Show that $(b_1+b_2)^2\leq (a_1+a_2)(c_1+c_2)$
How to show that if $a_k,b_k,c_k\in \mathbb{R}^+$ for which $a_kc_k-b_k^2\geq 0$ for $k=1,2$, then $$ (b_1+b_2)^2\leq (a_1+a_2)(c_1+c_2)? $$ I tried to check some well-known identities such as Young's inequality, but I failed to make it work.

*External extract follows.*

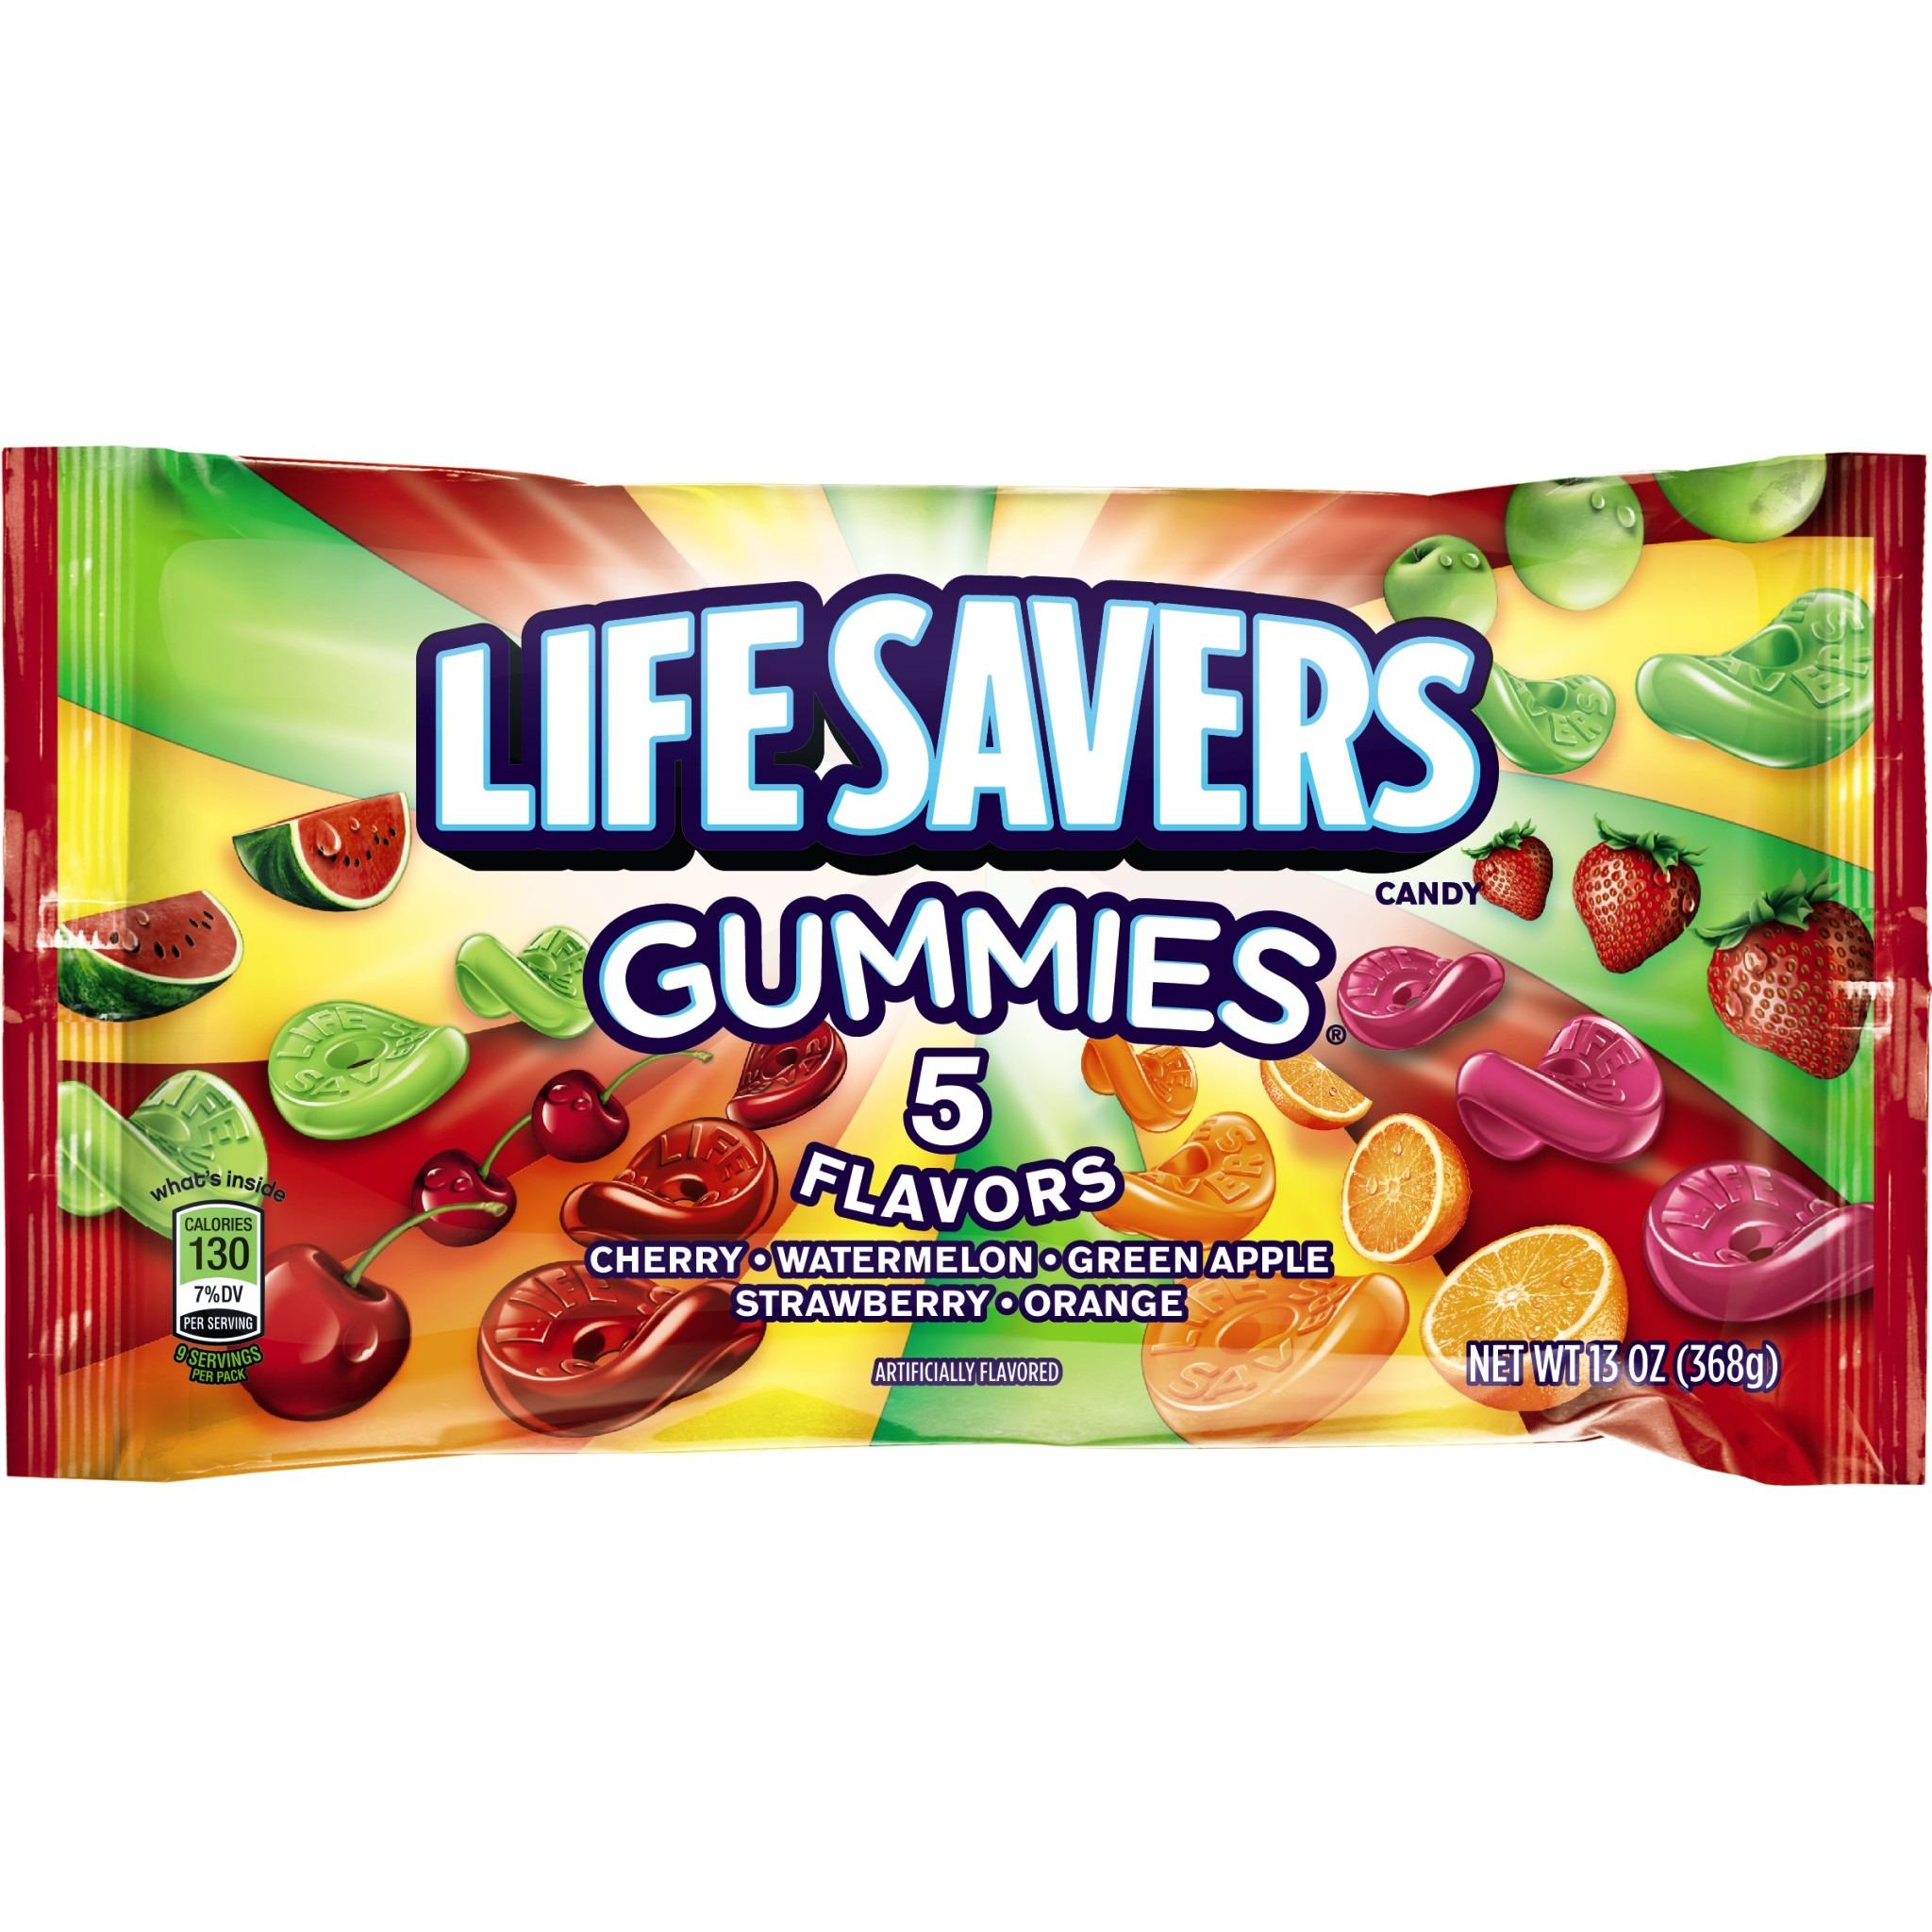 Life Savers 5 Flavors Gummies Candy Bag, 13 ounce

Conditions imply that quadratics $a_kx^2+2b_kx+c_k$ are nonnegative for all real $x$. Thus, their sum $(a_1+a_2)x^2+2(b_1+b_2)x+(c_1+c_2)$ is nonnegative for all real $x$ as well. Hence, the discriminant of this quadratic is nonpositive and we get the desired inequality.
HINT
You can start with the RHS as follows \begin{align*} (a_{1} + a_{2})(c_{1} + c_{2}) & = a_{1}c_{1} + a_{1}c_{2} + a_{2}c_{1} + a_{2}c_{2}\\\\ & \geq b^{2}_{1} + a_{1}c_{2} + a_{2}c_{2} + b^{2}_{2} \end{align*}
Now you can apply the AM-GM inequality in order to obtain \begin{align*} a_{1}c_{2} + a_{2}c_{1} & \geq 2\sqrt{a_{1}c_{2}a_{2}c_{1}}\\\\ & = 2\sqrt{a_{1}c_{1}a_{2}c_{2}}\\\\ & \geq 2\sqrt{b^{2}_{1}b^{2}_{2}}\\\\ & = 2b_{1}b_{2} \end{align*}
Can you take it from here?
By the inequality of Cauchy-Schwarz : $$\begin{array}{lcl} (a_1 + a_2)(c_1 + c_2) & = & \left(\sqrt{a_1}^2 + \sqrt{a_2}^2\right) \left(\sqrt{c_1}^2 + \sqrt{c_2}^2\right) \\[3mm] & \geq & \left(\sqrt{a_1 c_1} + \sqrt{a_2 c_2}\right)^2 \\[3mm] & \geq & \left(\sqrt{b_1^2} + \sqrt{b_2^2}\right)^2 \\[3mm] & = & \left(b_1 + b_2\right)^2 \end{array}$$